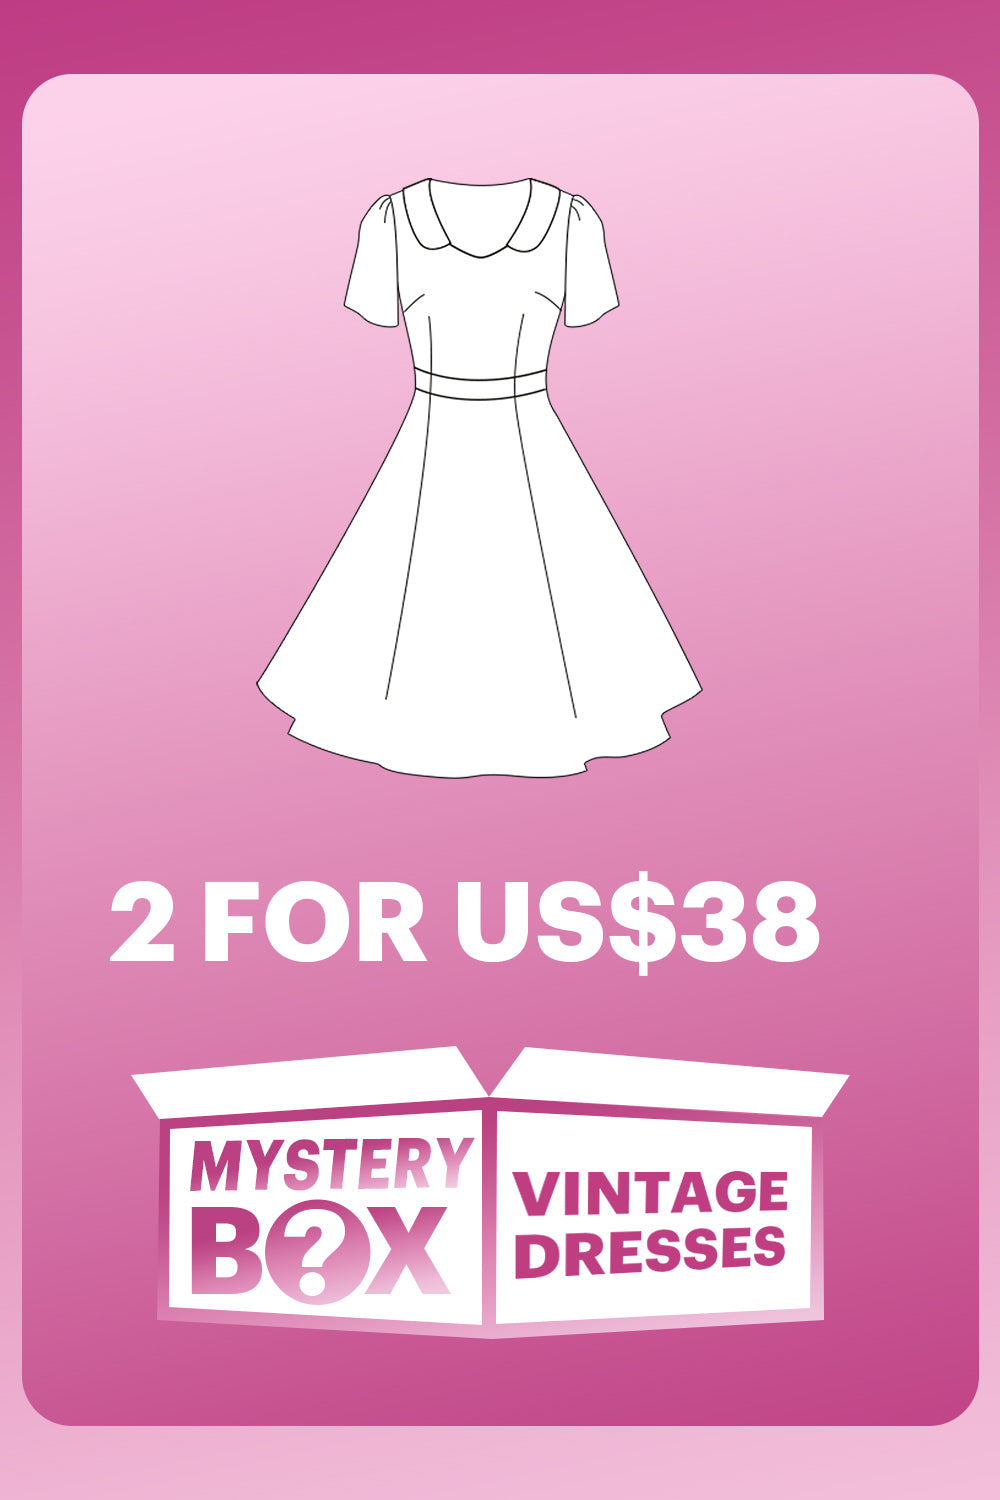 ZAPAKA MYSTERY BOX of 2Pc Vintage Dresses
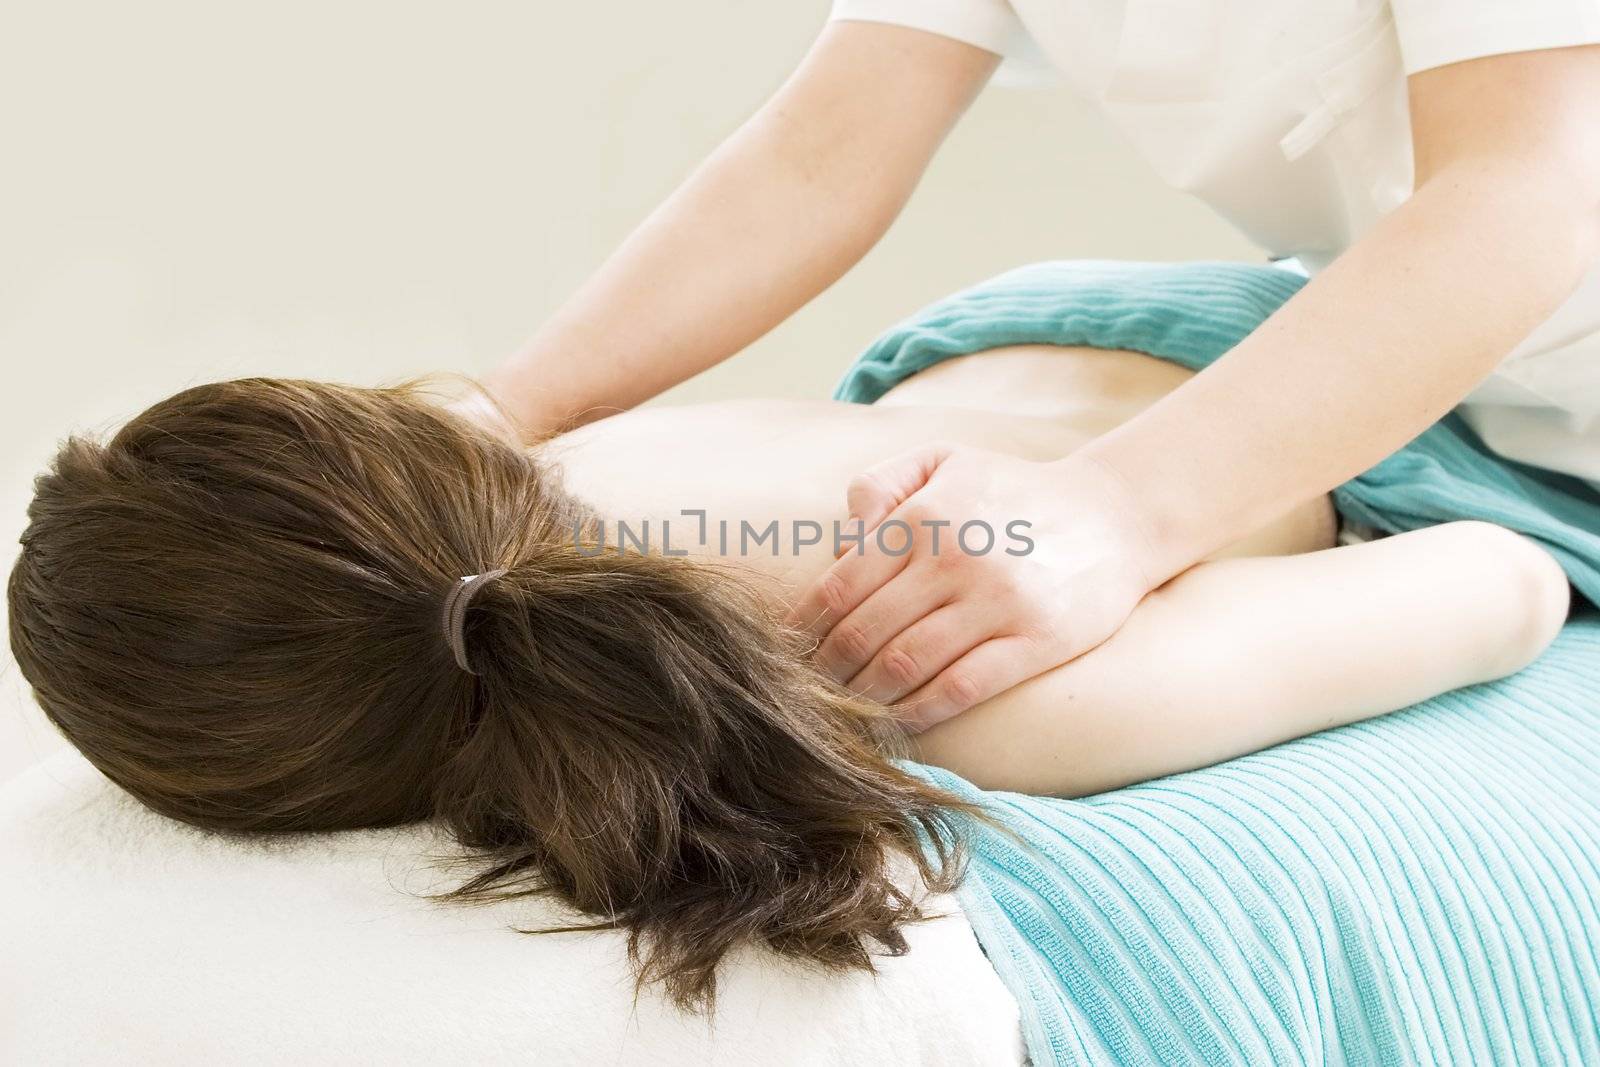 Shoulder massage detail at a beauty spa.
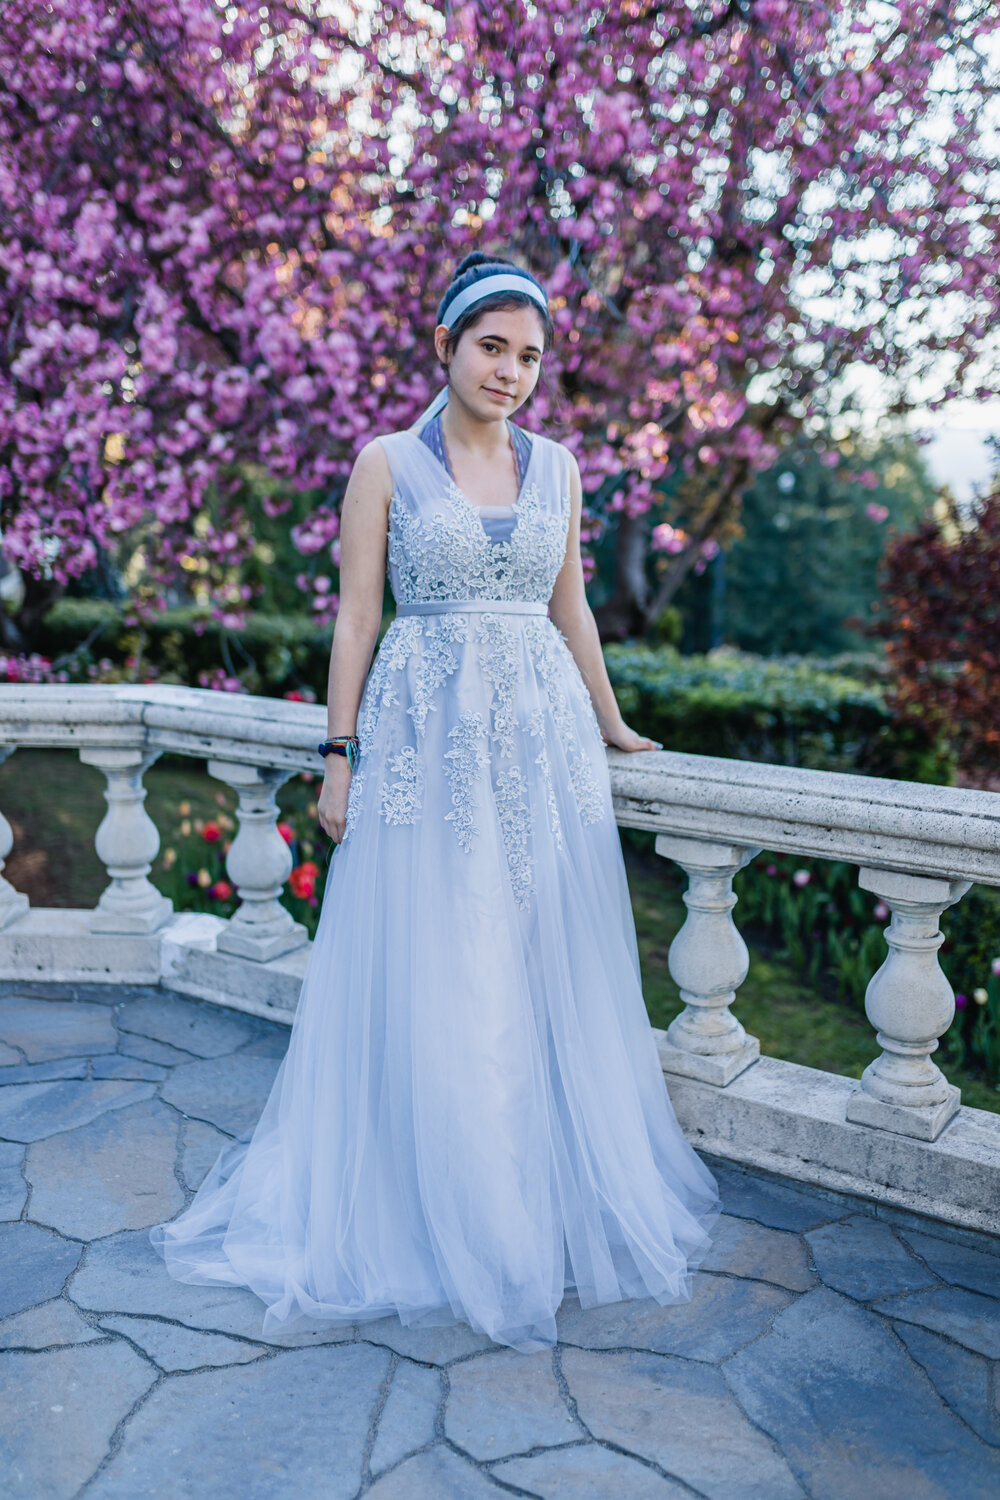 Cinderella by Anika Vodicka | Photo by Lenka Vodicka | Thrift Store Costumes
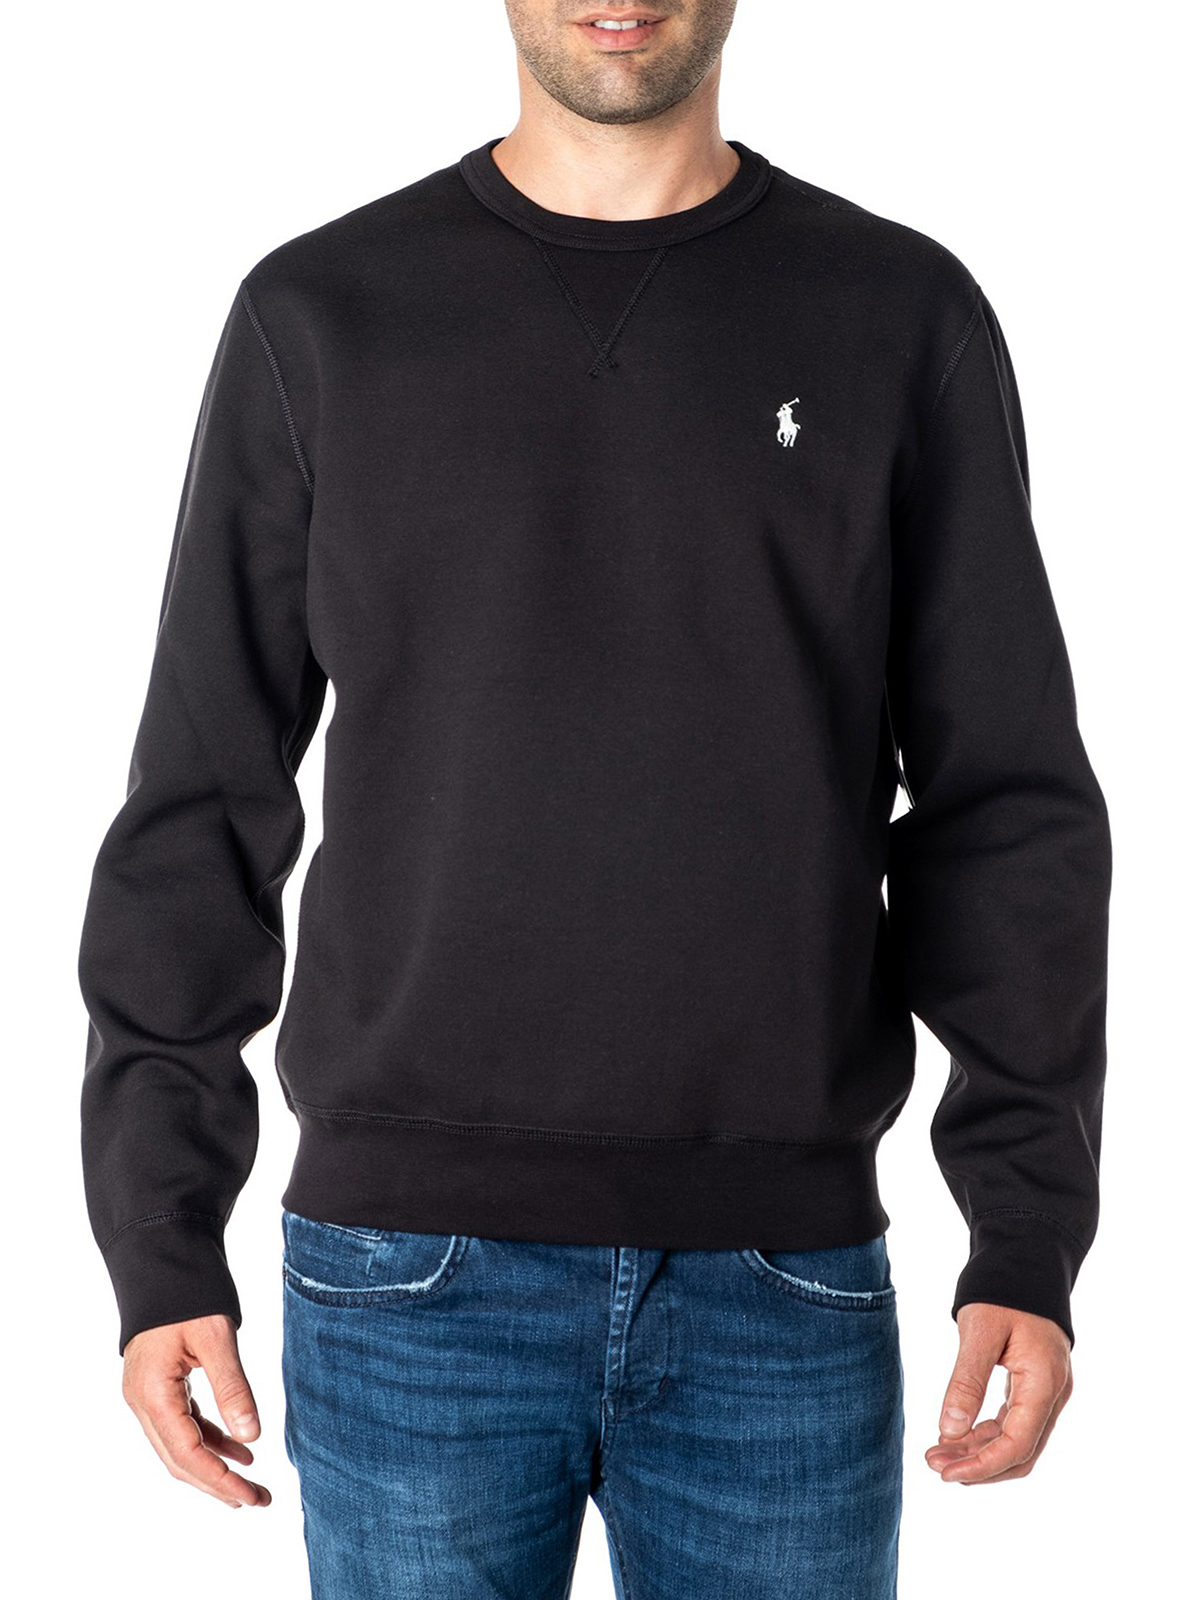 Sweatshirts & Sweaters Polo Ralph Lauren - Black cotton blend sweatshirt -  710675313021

WORK TO COMPLETE: Beginning with the line containing "Cinderella by Anika" and ending with the last line of the data, output those lines exactly and nothing more. Omit every picture.

EXERCISE RESULT:
 Cinderella by Anika Vodicka | Photo by Lenka Vodicka | Thrift Store Costumes
 Sweatshirts & Sweaters Polo Ralph Lauren - Black cotton blend sweatshirt -  710675313021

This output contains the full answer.